Otherside of the Curtain
If is still exists anywhere then the border between North and South Korea could still be called an iron curtain. The Hermit Kingdom, as North Korea is often called, being one of the last remanants of that great communist experiment and a shining example of what went terribly wrong.
Truthfully I`m facinated by the place because it has all the “otherside” qualities that countries like Poland, Hungary and Russia held for me as a child of the 70s and 80s, before the Berlin Wall came down.
Poland, Hungary, Slovakia and the Czech Republic once names as dark and enigmatic as any are now fond memories: I like the food, the vodka, the girls and the mountains of all these countries. I even contemplated moving to Poland once. It is still one of my favourite nations on the planet.

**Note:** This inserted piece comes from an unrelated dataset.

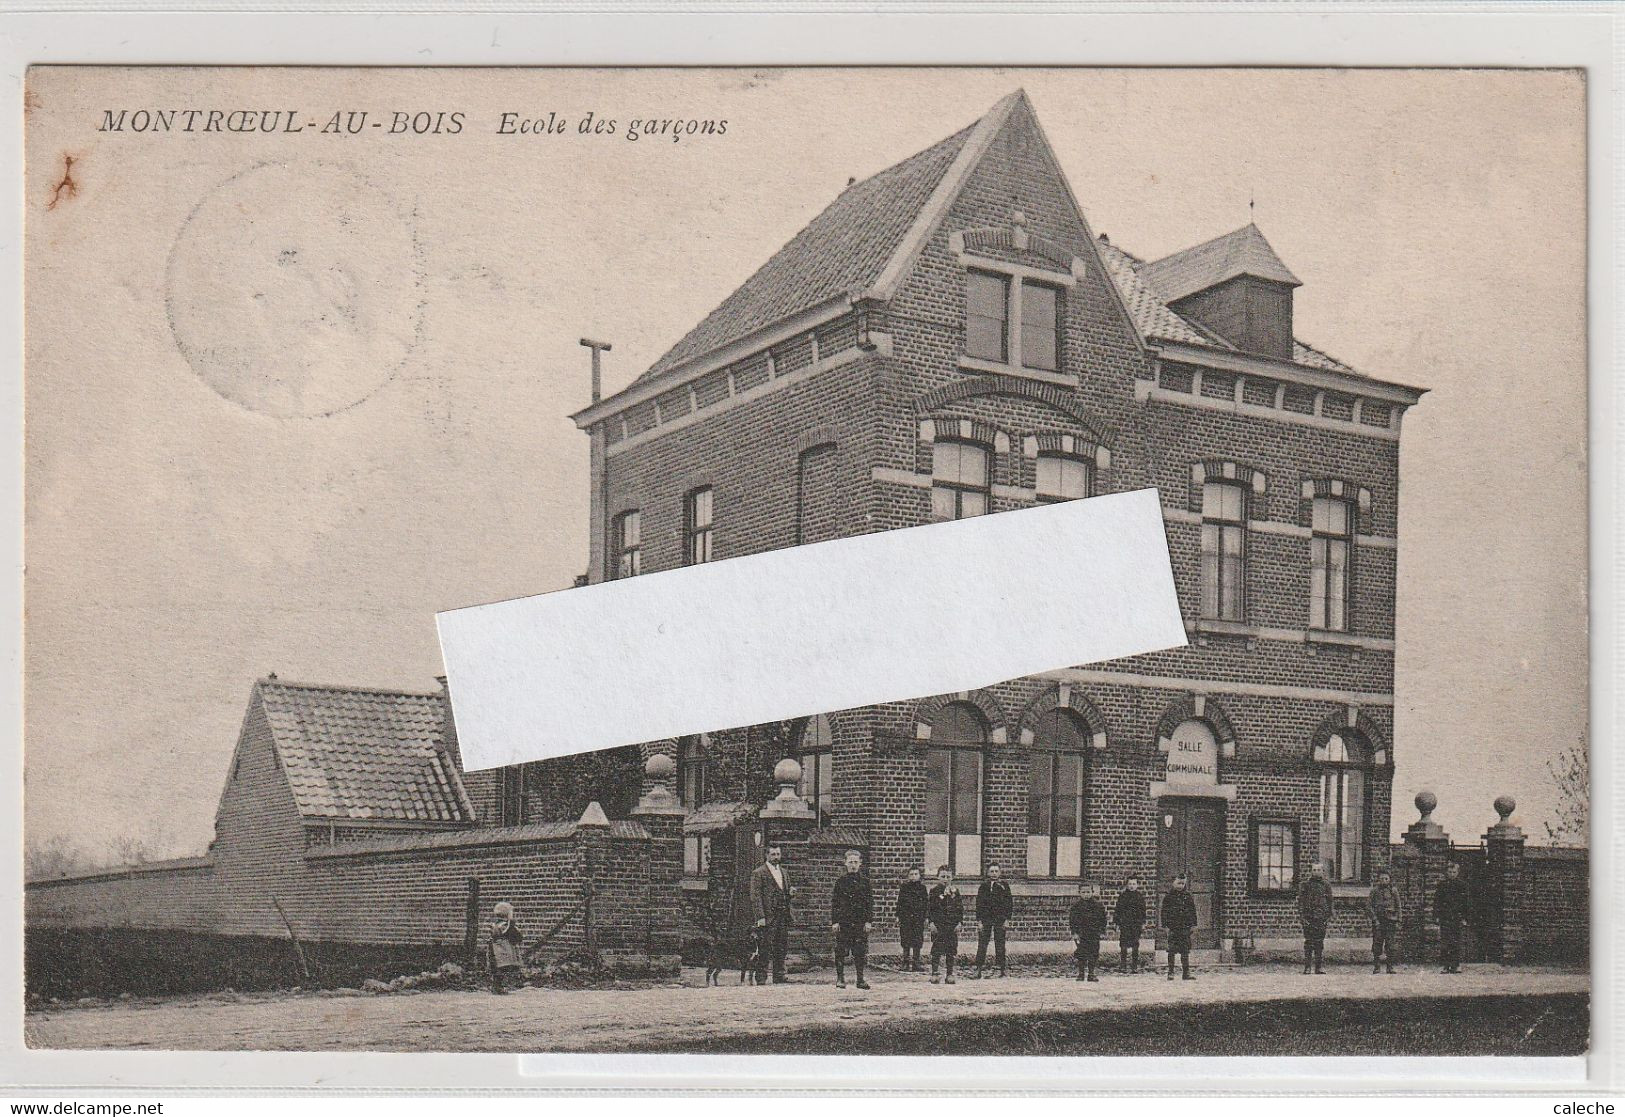 Montroeul-au-bois -Ecole Des Garçons Animée - Verso Relais Montroeul-au-Bois 1907 (Coba 15 Euros) - Frasnes-lez-Anvaing

Russia I haven`t been to but would like to go. Russia, for me at least, still seems to be swimming in the dark and cold of cold war memories. I know it will be different when I get there but Russia as a name hasn`t changed the impression it has on me like Russians have. I meet Russians almost everyday and they are just like me. Russia is still a name that breaths coldly down the back of my neck. I think i will take a while to realise I`m actually there when I go.
I have, however, already been to North Korea…technically. I say technically because the two metres across the border inside the United Nations buildings at Panmunjom village in the DMZ don`t really count. But it was exciting to think that on the otherside of the door at the back of the room we tourists crowded into was this mysterious country of nightmarish poverty and excess; cruelty and colour. The US and South Korean soldiers that were showing us around made it abundantly clear though that if anyone of us attempted to get a bit closer to that door they would shoot us and in the unlikely event they missed the North Korean soldiers on the otherside wouldn`t. A humbling place definately.
I would love to go there for real oneday.
My wife would have kittens if I told her my ambitions because the Japanese are scared to death of Kim Jong Il. But there it is; oneday, when I have enough time and money, I will go.